Marisol stabbed at her phone. I tried to ask her what she was doing, but no sooner had I opened my mouth than she raised a finger and “tutted” at me. Who the hell does she think she is? My kindergarten teacher? I took a breath, preparing to let her have it, when my voice came from her phone.

“… I’ll only need around half your time…” then hers, “Steve, I don’t know that I can. Your project…” she fiddled with the phone again. Her voice, “As long as it’s hour for hour, we can deal.” Oh god, she recorded the whole thing. My voice again, “At least. We’ll help you get your next project out on schedule.”

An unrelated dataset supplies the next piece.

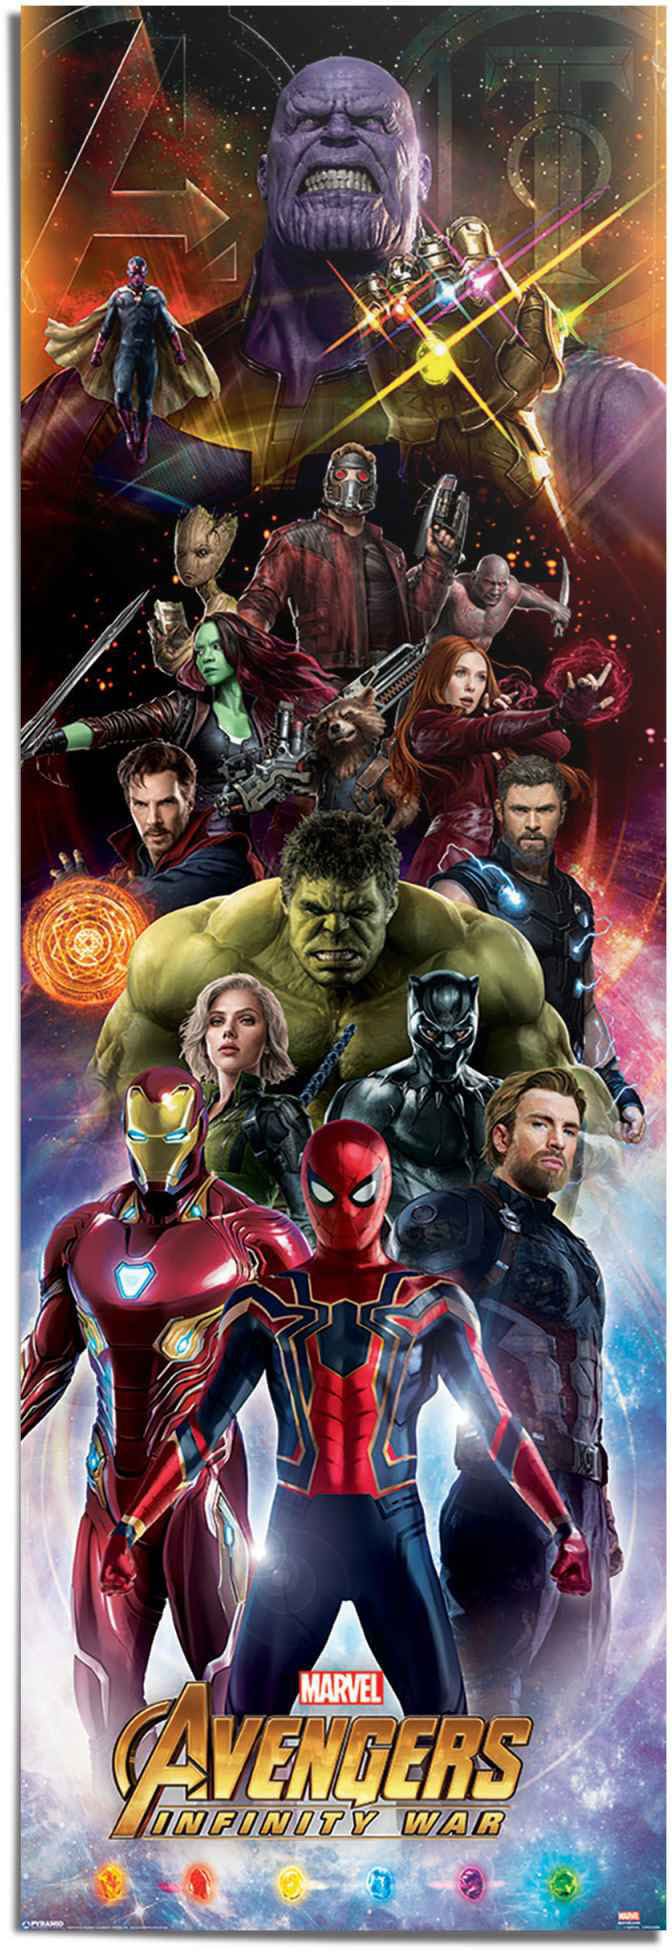 kaufen »Avengers St.) auf Poster Charaktere«, Reinders! (1 Raten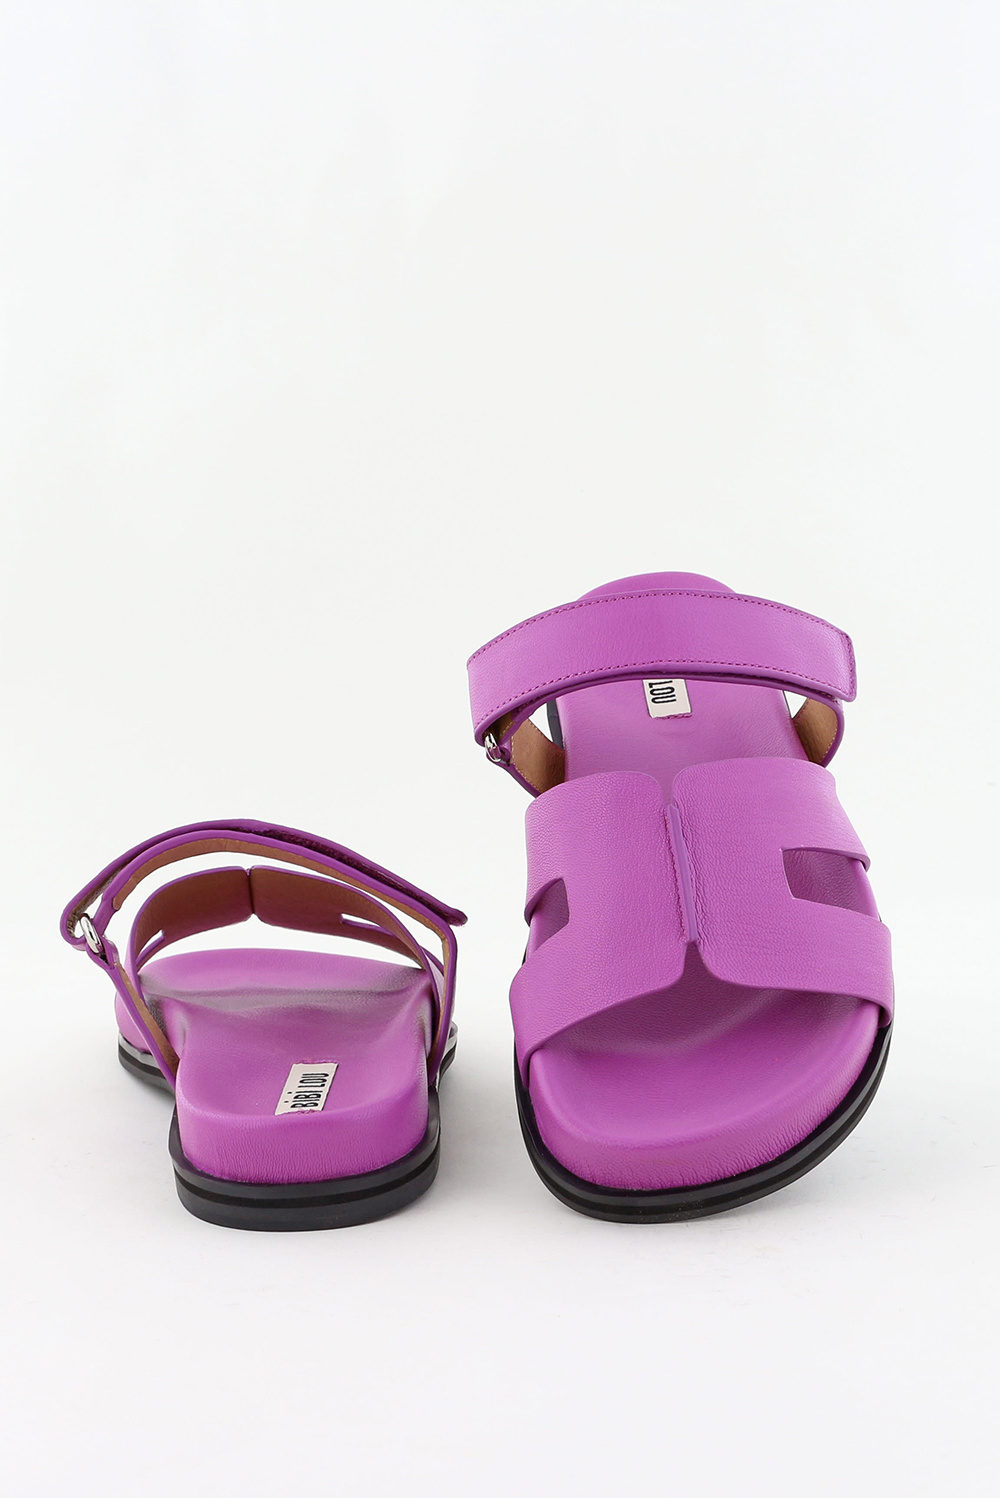 dosis Deter Woord Bibi Lou sandalen 525Z40VK roze - Marjon Snieders

Marisol stopped the playback and played with her phone once more. “I’m not sure if you have a faulty memory, or you’re an insufferable liar, but I’ve seen it before with you. You’ll say one thing and do another, while blaming the other person for mis-remembering.” She laughed. “You go around gas-lighting everyone and expect no one to catch on.”

I couldn’t think of anything to say even though I kept trying to start. I must have looked like a fish. She held her phone at her side. Was she always playing with her phone? Or always recording?

“I can tell from your schedule that there’s no way you can keep your word and not bomb out on your own work.” She raised her phone. “I’m going to HR with this. Besides, I have a new hire starting next week.” Her eyes were… sad? “I pity you. If you paid any attention to your team, you’d realize they all want you gone. They’re sick of taking the blame when things go wrong and getting none of the credit when they go right.” Her parting shot as she left my office was “see you again never.”

#

The visit from HR, along with security to escort me out came an hour later. I brushed up my résumé and started the search. I ran into a former co-worker who told me they rolled my team into Marisol’s, and how happy the team was.

The search wasn’t going well. Engineers talk, rumors spread, and I have become a pariah. All those people calling me a liar? Pot, meet kettle. I considered constant brutal honesty. “No, I won’t help you, you help me.” Nah, that’d never work. For now, I’ve resolved to watch out for recording devices.